• **What is required**: Leaving out all pictures, write out word for word the lines from the one containing "Attention Girls' 2-Pack" to the end of the data below.

• **Provided material**:
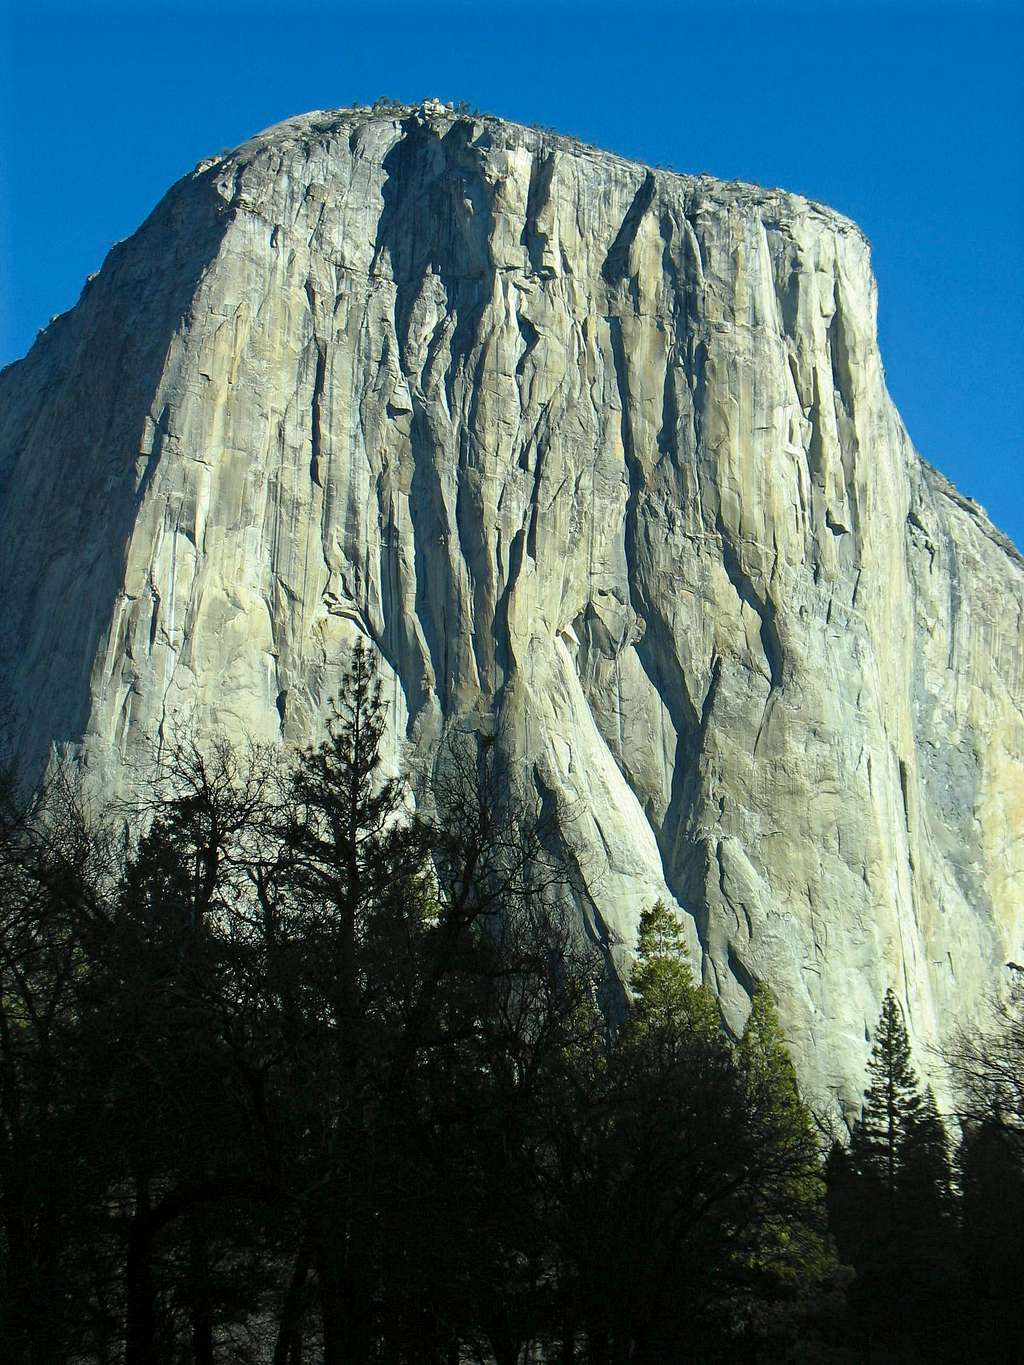 El Capitan from the southwest
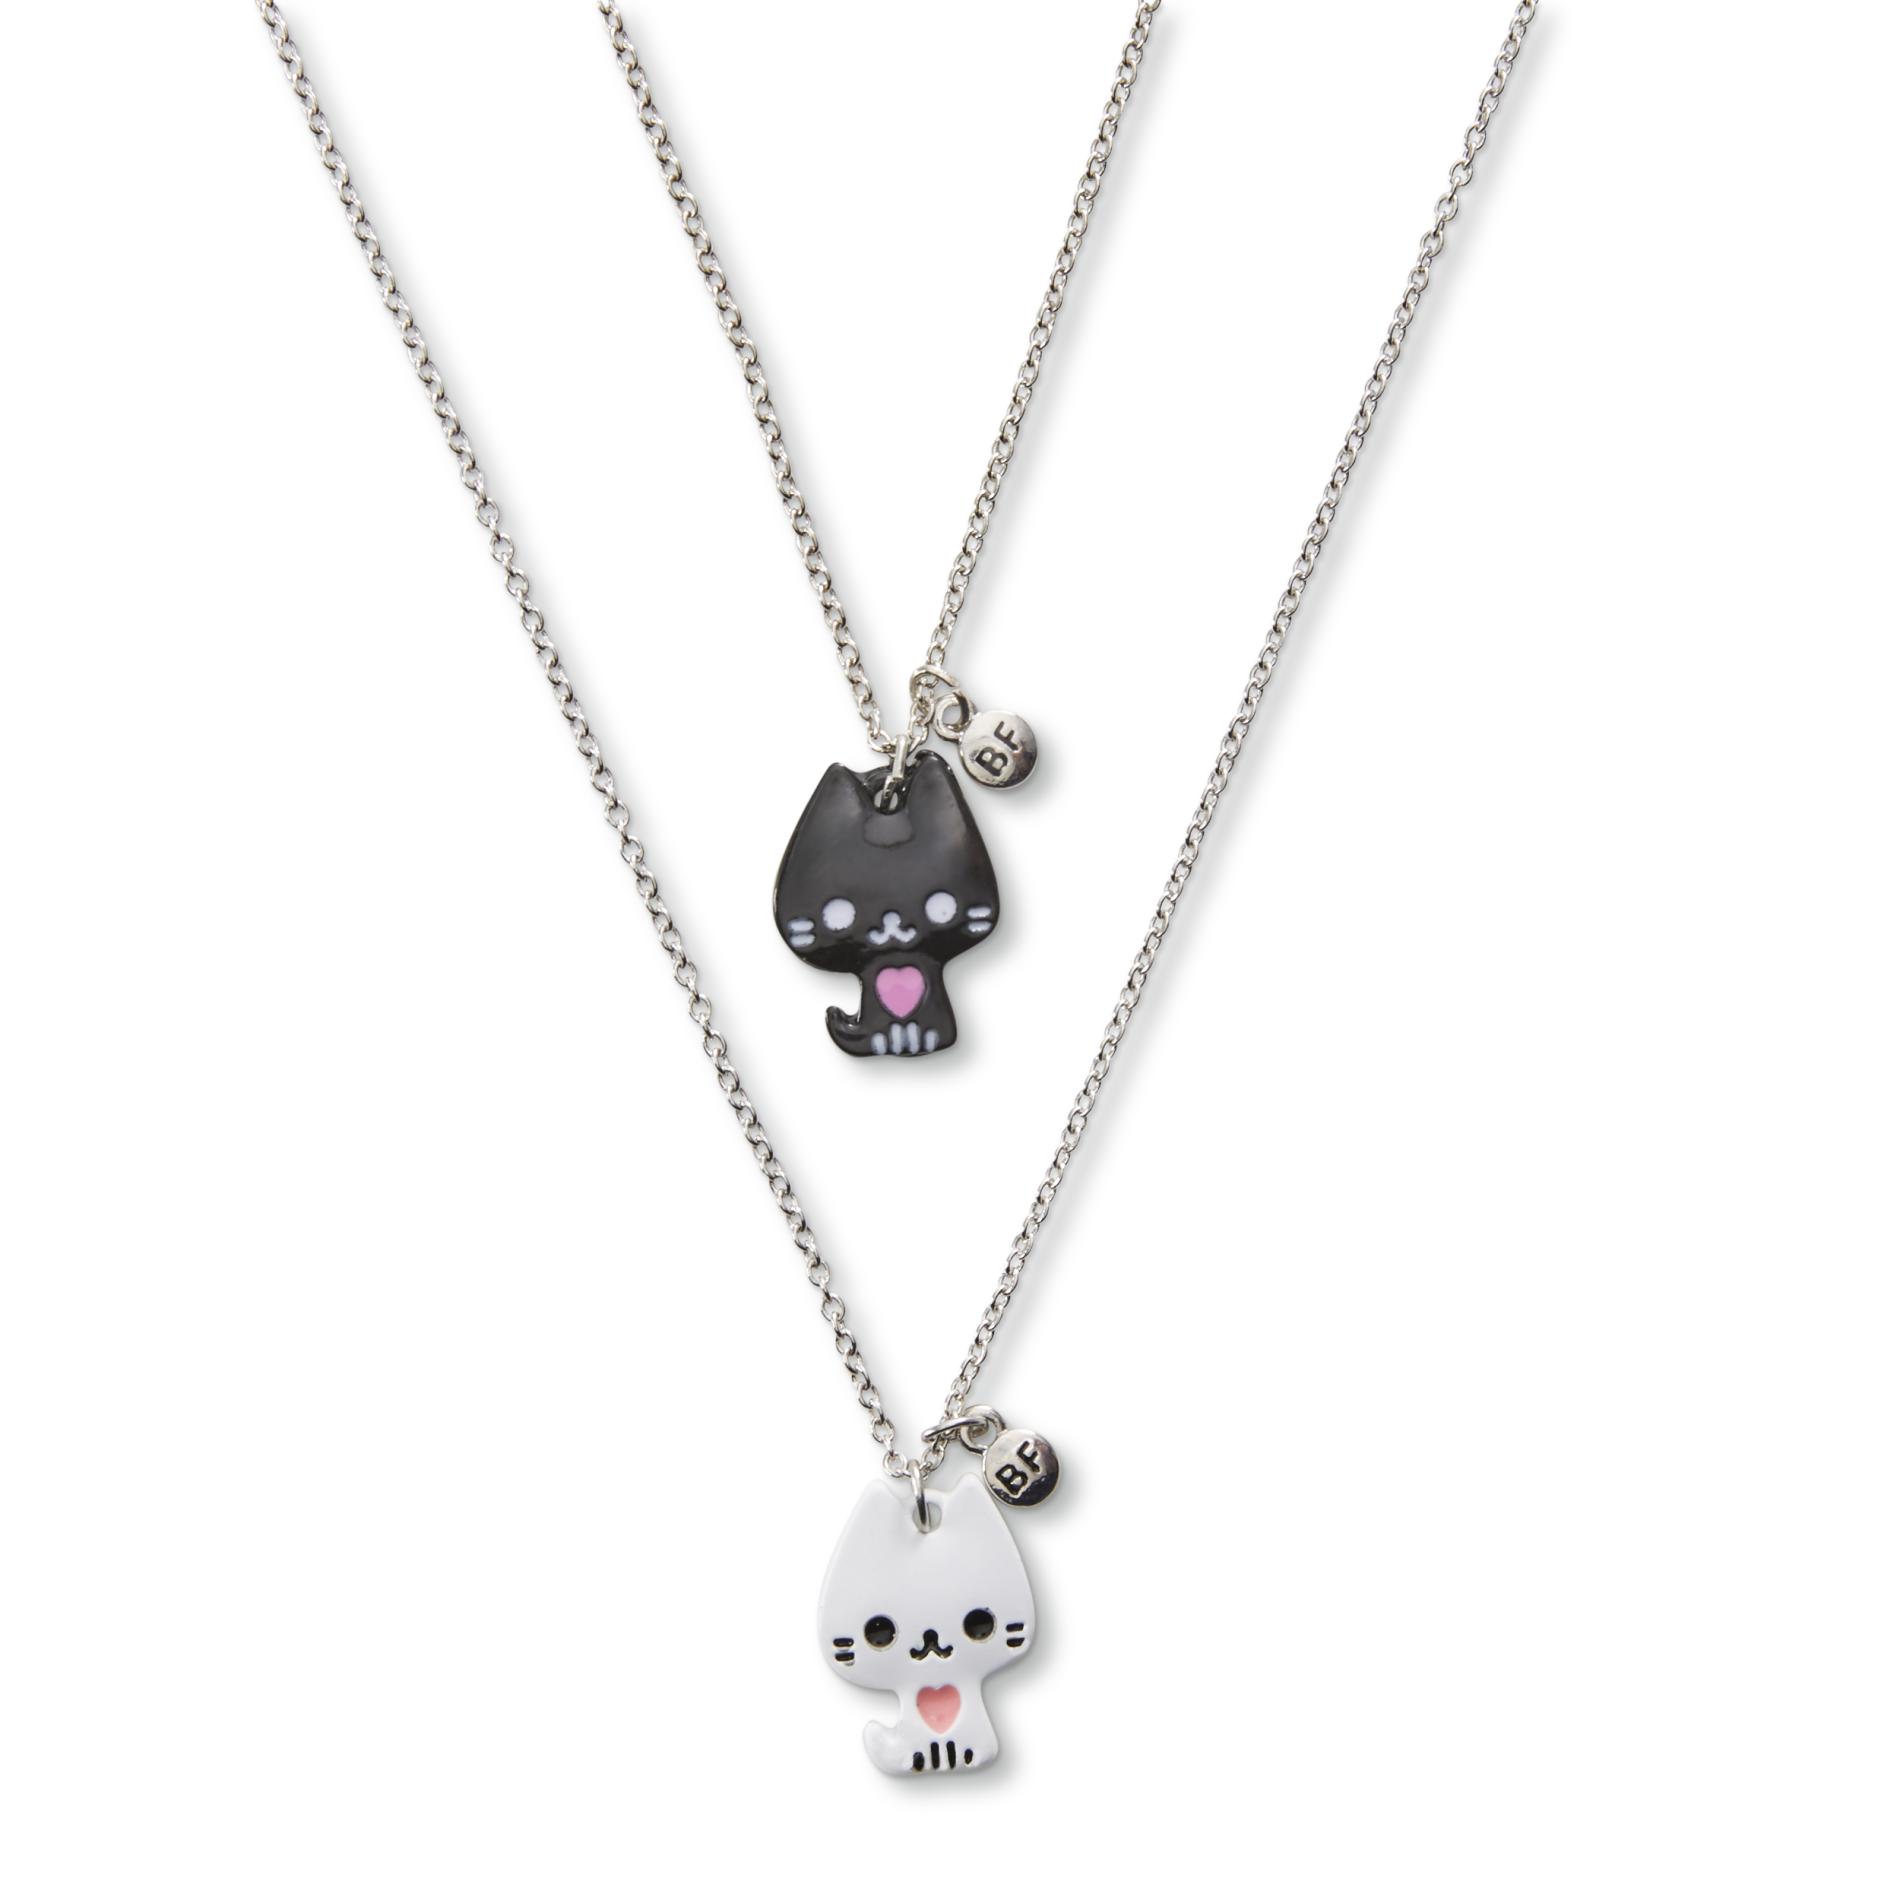 Attention Girls' 2-Pack Silvertone Best Friends Necklaces - Cat
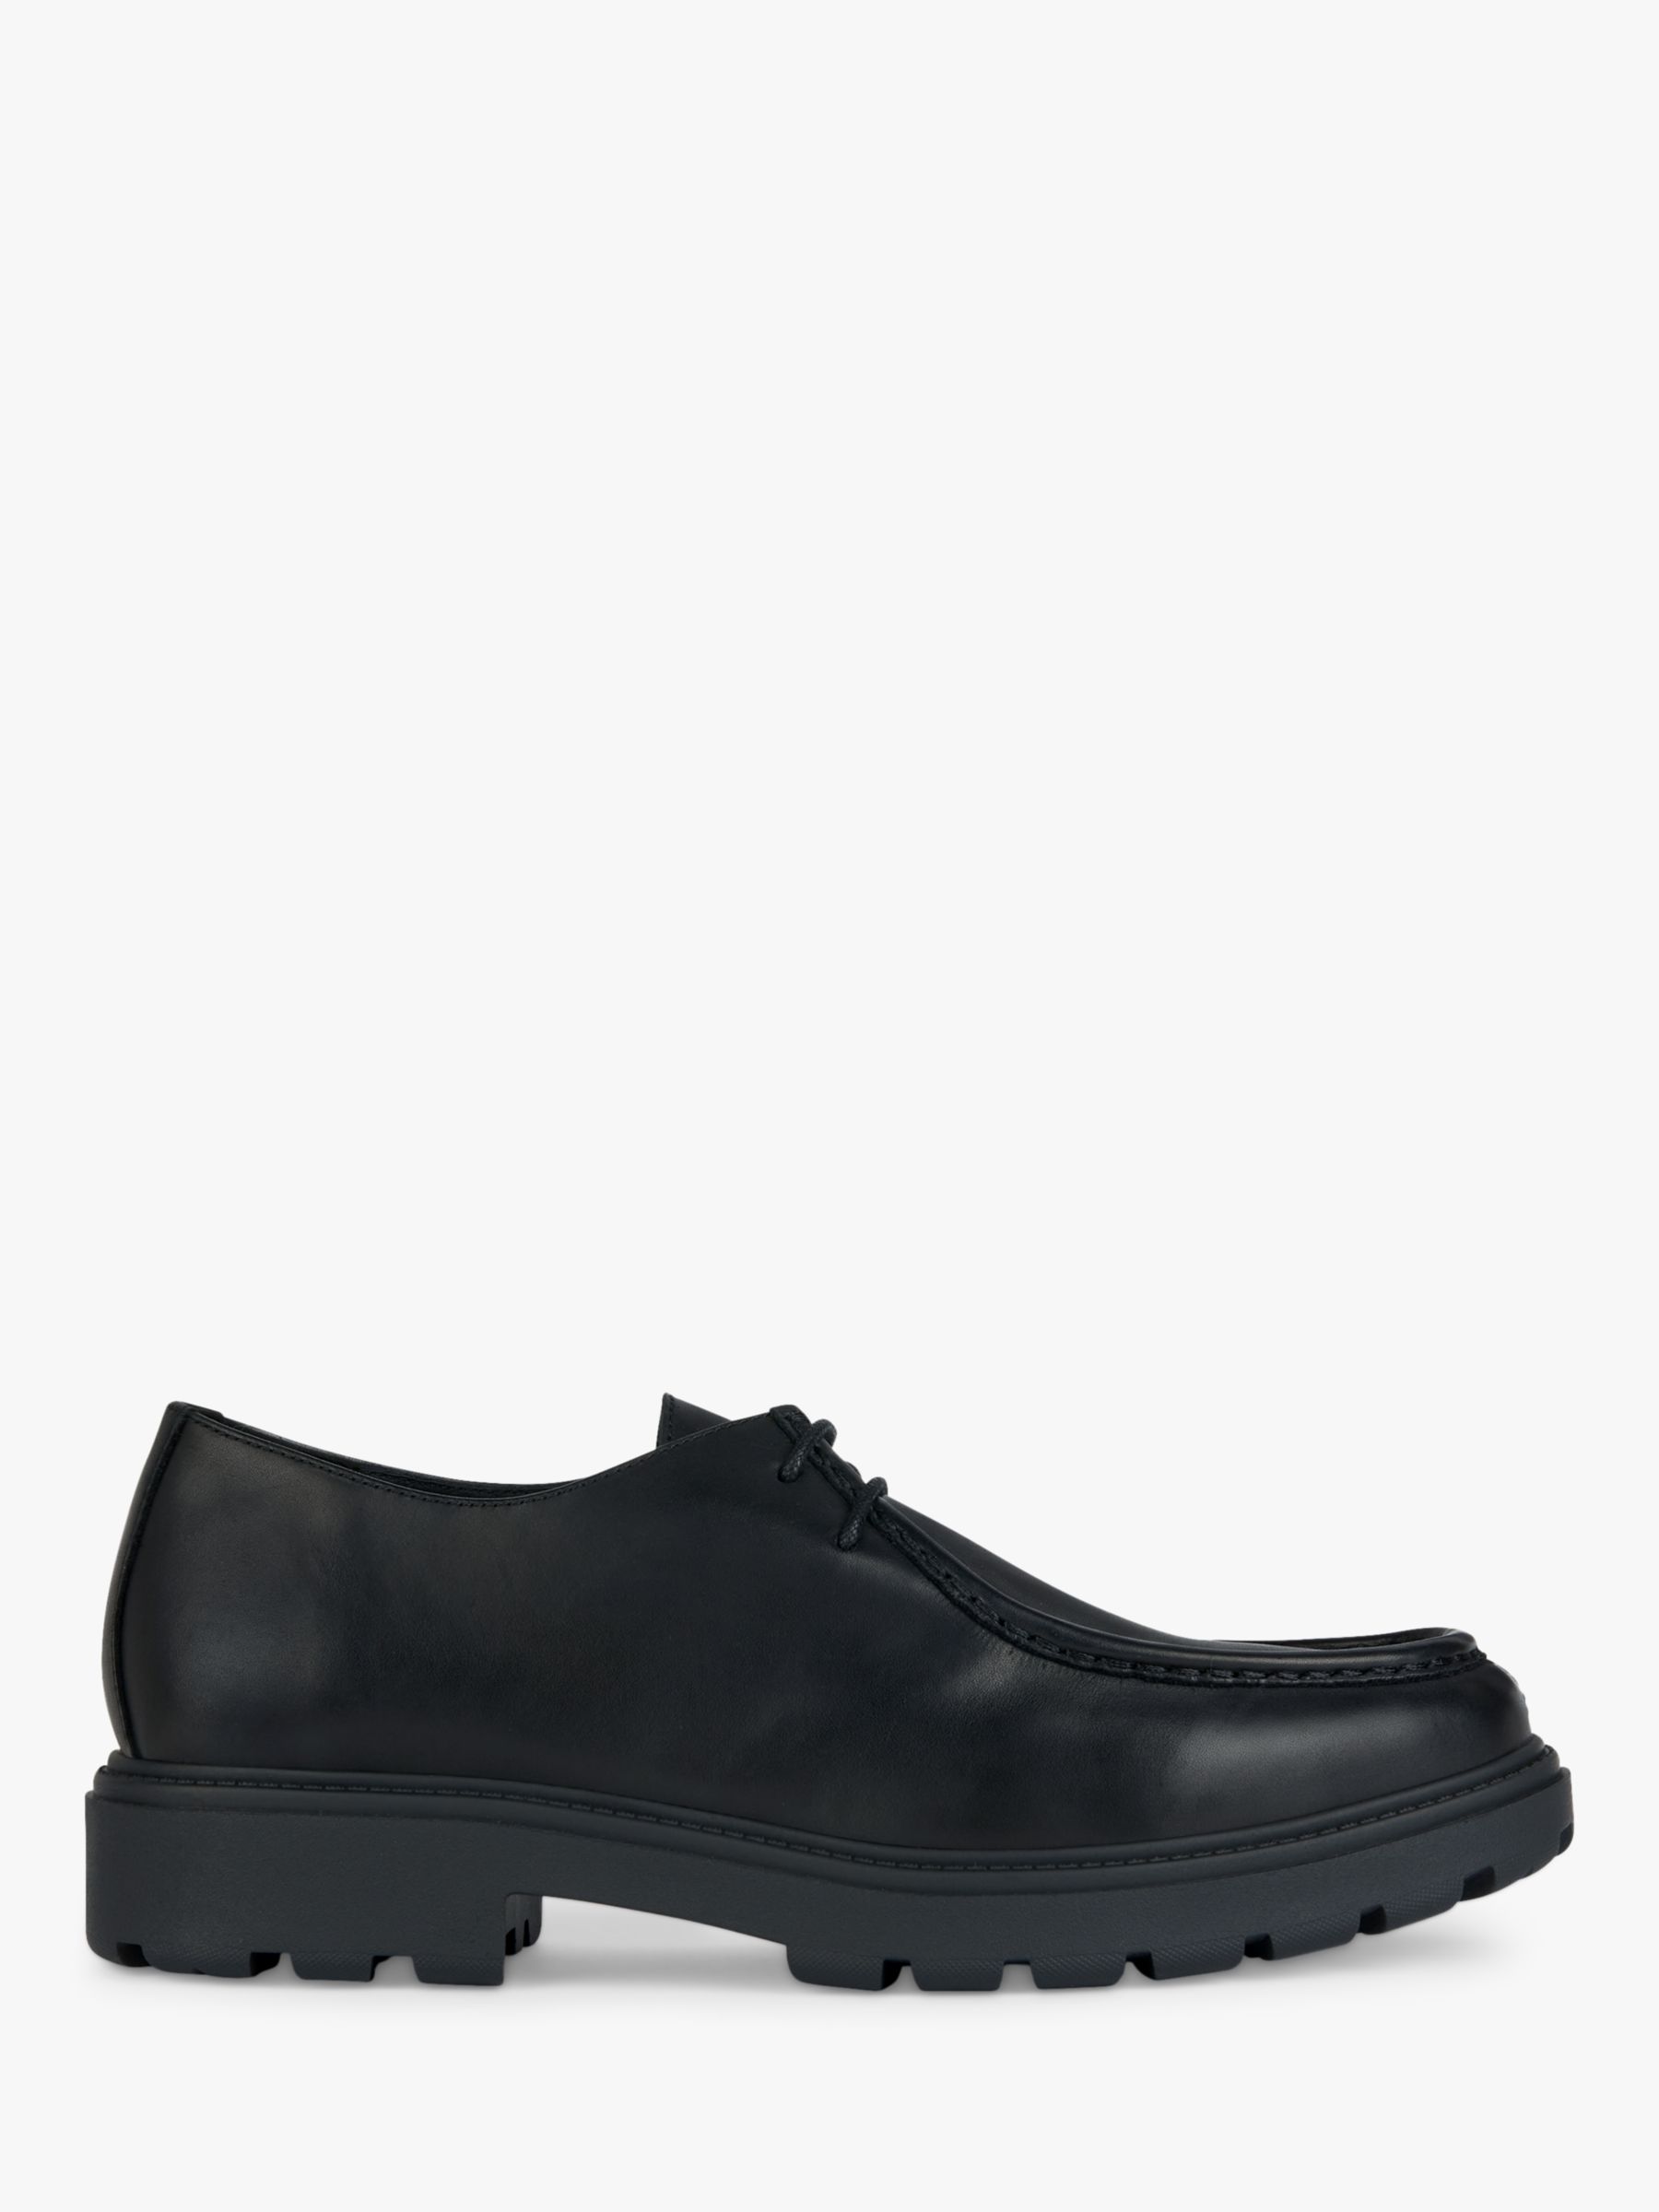 Geox Spherica Lace Up Shoes, Black at John Lewis & Partners

• **Output**:
 Attention Girls' 2-Pack Silvertone Best Friends Necklaces - Cat
 Geox Spherica Lace Up Shoes, Black at John Lewis & Partners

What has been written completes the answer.